# S l o w but steady



## 3192 (Dec 30, 2004)

It's taken about 8 hours of slow, tedious work but I've manage to bore out about 8" of mesquite endgrain! Only 10" more to go!! LOL
This by far has been one of the more challenging woodturnings for me with all sorts of _'now what?'_ coming into play. Here are some pictures of yesterday's progress. gb


----------



## Slip (Jul 25, 2006)

Man O Man, that looks great. Don't look like there is enough wood there to hold things together. That piece is going to look great in my curio cabinet. LOL. Sounds like it going very slow with the hollowing. That is really awsome. I would be nervious on that piece, not of it flying, but of me messing up something that nice.


----------



## Tortuga (May 21, 2004)

Hey, GB...you might wanna check that sucker..That pot has a HOLE in the side of it....ain't never gonna hold no water...sad_smiles :wink: 






you kNOW I'm j/k, Jim


The other Jim:cheers: ....GREAT WORK !!!!!


----------



## 3192 (Dec 30, 2004)

Jim....I've actually had people ask if I was going to 'fill in' the holes on some of these turnings. Too funny! Made it to the 11" depth mark this evening and shut it down because of the noise level. It's not the quietest operation in the 'hood! gb


----------



## Slip (Jul 25, 2006)

Guess if you don't know what goes into a project like that, not everyone can appreciate the form. To me, that is fantastic and can really appreciate the beauty and amount of talent to make one of them things. Hollowing out a form like that is very rewarding knowing how it is done. Guess that is why I like hollow forms now myself and envy anyone that can turn out a project of that scale. Keem the progress comming, it is going great.


----------



## Too Tall (May 21, 2004)

That piece is definately going to have some character. Can't wait to see it when you get it finished.


----------



## dicklaxt (Jun 2, 2005)

I know just what you are going thru with that steady,,,its very similar to mine. It sure takes a fine touch to keep the cutter from digging into the material as it releases from the material, crosses the void and contacts the material again. I'll bet you are holding your breath on that operation ,great job.
dick


----------



## 3192 (Dec 30, 2004)

I finally finished the boring process. Talk about a pain in the kazoo! That mesquite endgrain is like cutting concrete. My final boring depth ended up at 14". The tool tip was about 15" off of the tool rest! Talk about a long stretch without support. The tool started to chatter a little so I stopped at that point. I'm in the process of sanding and finishing. I'll use the Min-Wax 209 Natural starting the wetsanding at 220 and go through 1000 grit. I hope to have it completed by the end of the weekend. I'll still need to reverse chuck it to complete the bottom foot. The last picture shows some of the marbled grain...awesome looking with the oil on it! Keep your tools sharp! jim


----------



## Juicy (Jun 19, 2007)

That's beautiful. My dad turns wood for fun, and he gives me and my sisters gifts that he turns for christmas, and birthdays. It's so much more special than anything money can buy. Keep up the good work!!


----------



## Tortuga (May 21, 2004)

Spectacular, Jim !!!!! Can't wait to see the finished work...

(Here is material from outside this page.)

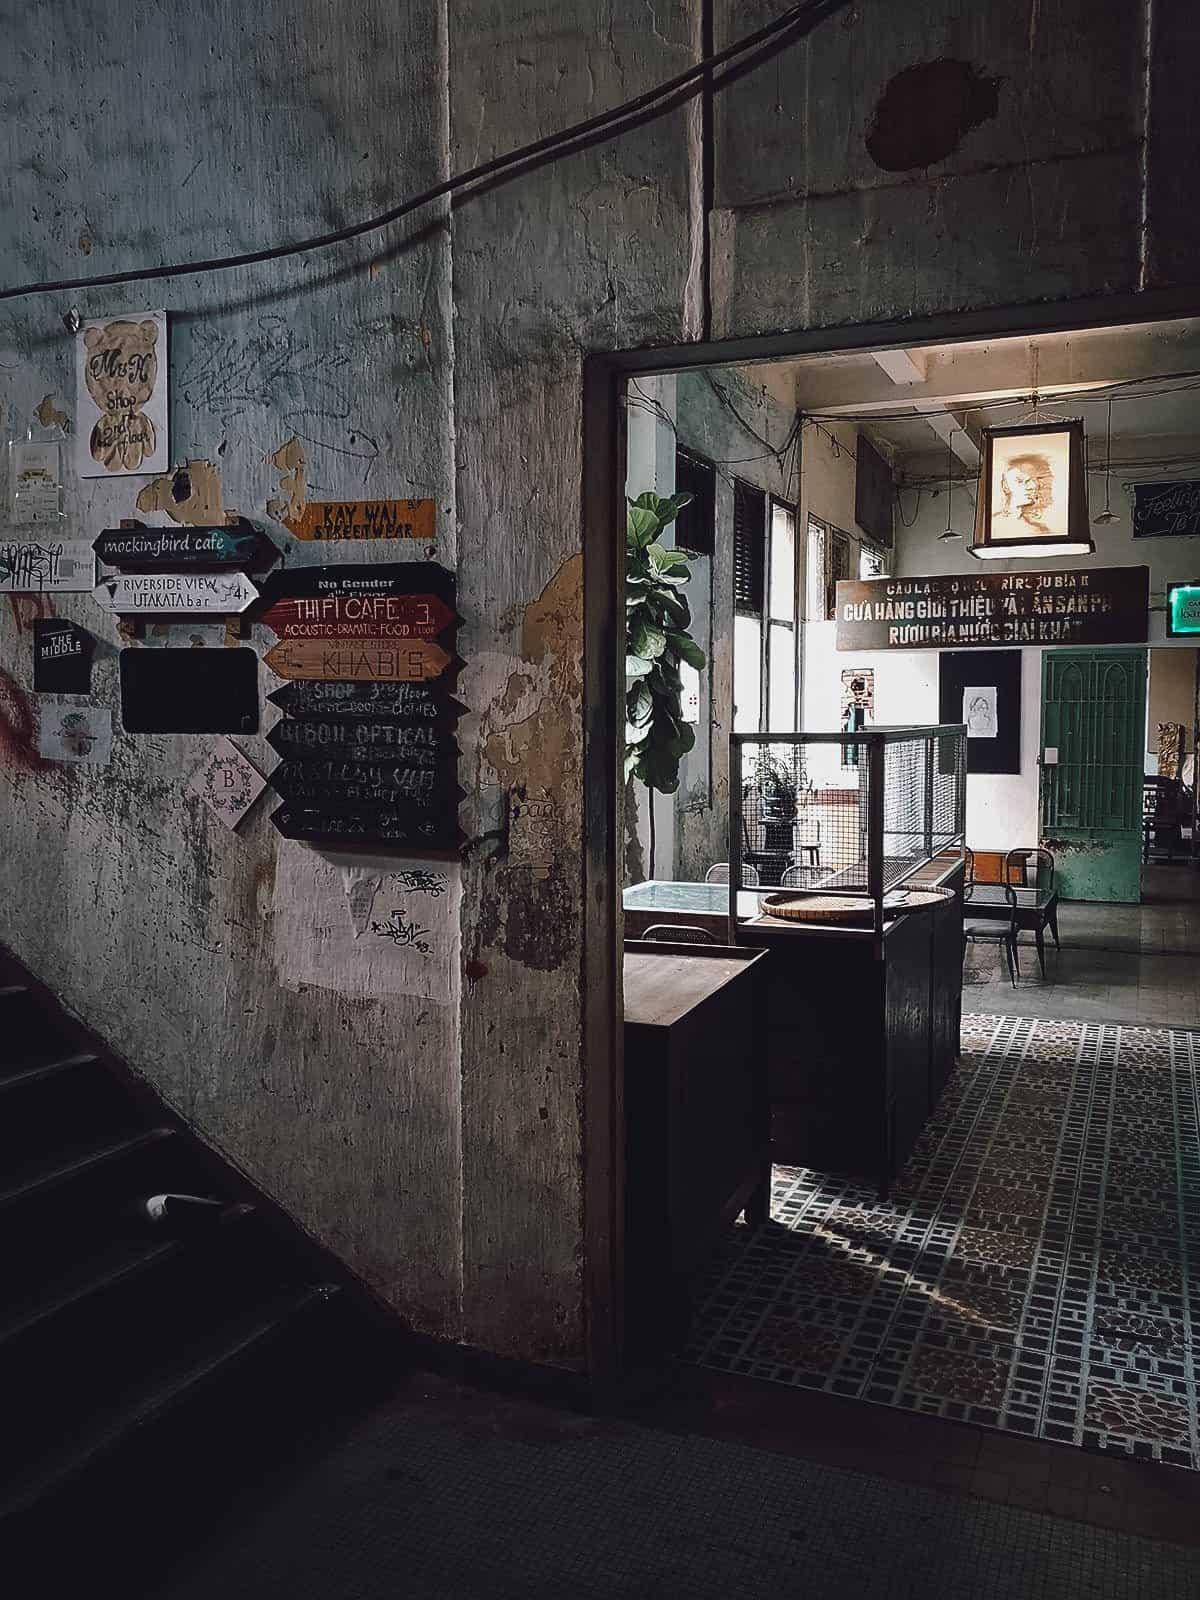 Hallway to Hoang Thi Cafe

15" ????..Gad..if my tool tip gets over an inch from the rest I am in deep Doo-Doo. 


Hmmmmm...One of these days....Naaaaaahhhhh ..No way...

The Other Jim


----------



## Hooked (Oct 15, 2004)

You do some beautiful work Jim. Thanks for sharing it with us.

Bob


----------



## Haute Pursuit (Jun 26, 2006)

Man, that piece is gorgeous!


----------